Moyer and other task force members said in July's Pediatrics, published today, that more conclusive research is needed into what works to identify and treat overweight children in a doctor's-office setting.
Pediatrician group favors access to birth control
CHICAGO - A leading group of pediatricians says teenagers need access to birth control and emergency contraception, not the abstinence-only approach to sex education favored by religious groups and President Bush.
The recommendations are part of the American Academy of Pediatrics' updated teen pregnancy policy.
"Even though there is great enthusiasm in some circles for abstinence-only interventions, the evidence does not support abstinence-only interventions as the best way to keep young people from unintended pregnancy," said Dr. Jonathan Klein, chairman of the academy committee that wrote the new recommendations.
Teaching abstinence but not birth control makes it more likely that once teenagers initiate sexual activity they will have unsafe sex and contract sexually transmitted diseases, said Dr.
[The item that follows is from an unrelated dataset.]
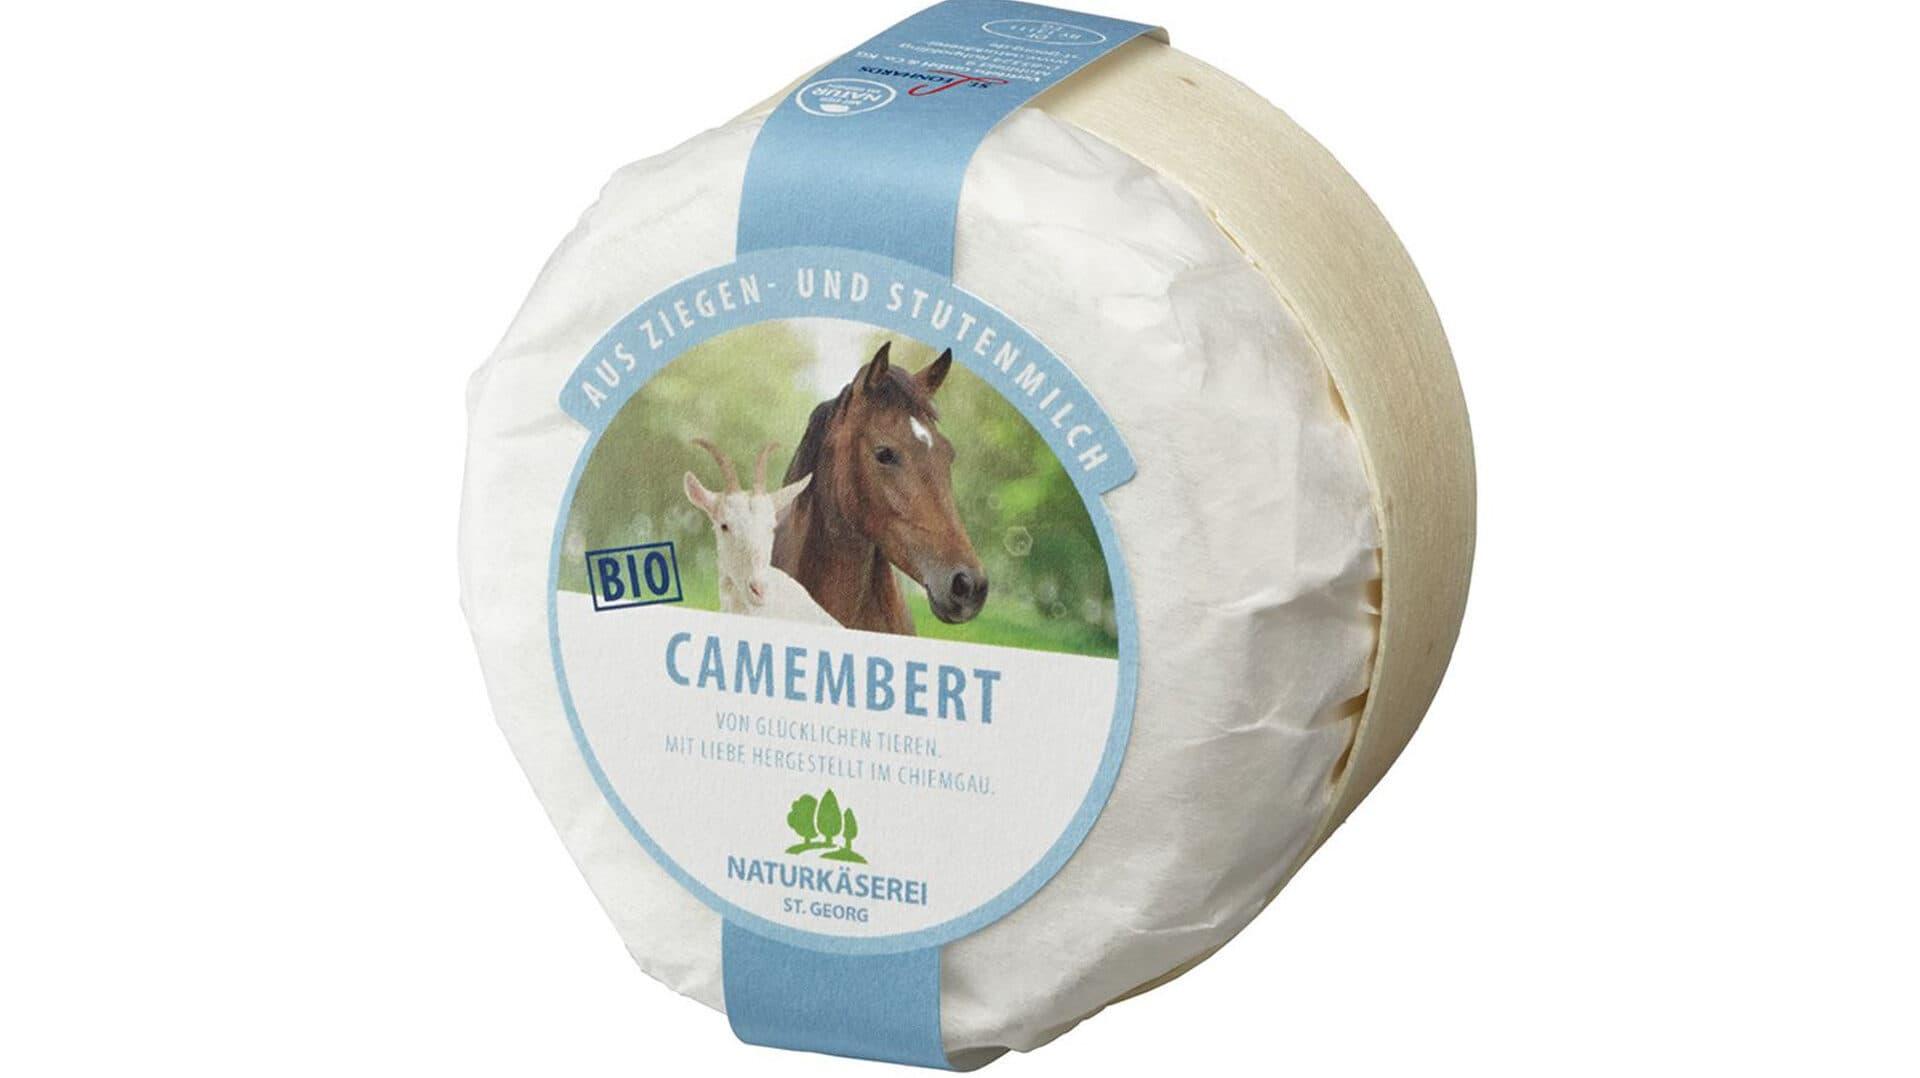 Camembert aus Ziegen- und Stutenmilch

S. Paige Hertweck, a pediatric obstetrician-gynecologist at the University of Louisville who provided advice for the report.
The report appears in July's Pediatrics, published today.
It updates a 1998 policy by omitting the statement that "abstinence counseling is an important role for all pediatricians." The new policy says that while doctors should encourage adolescents to postpone sexual activity, they also should help ensure that all teens have access to birth control.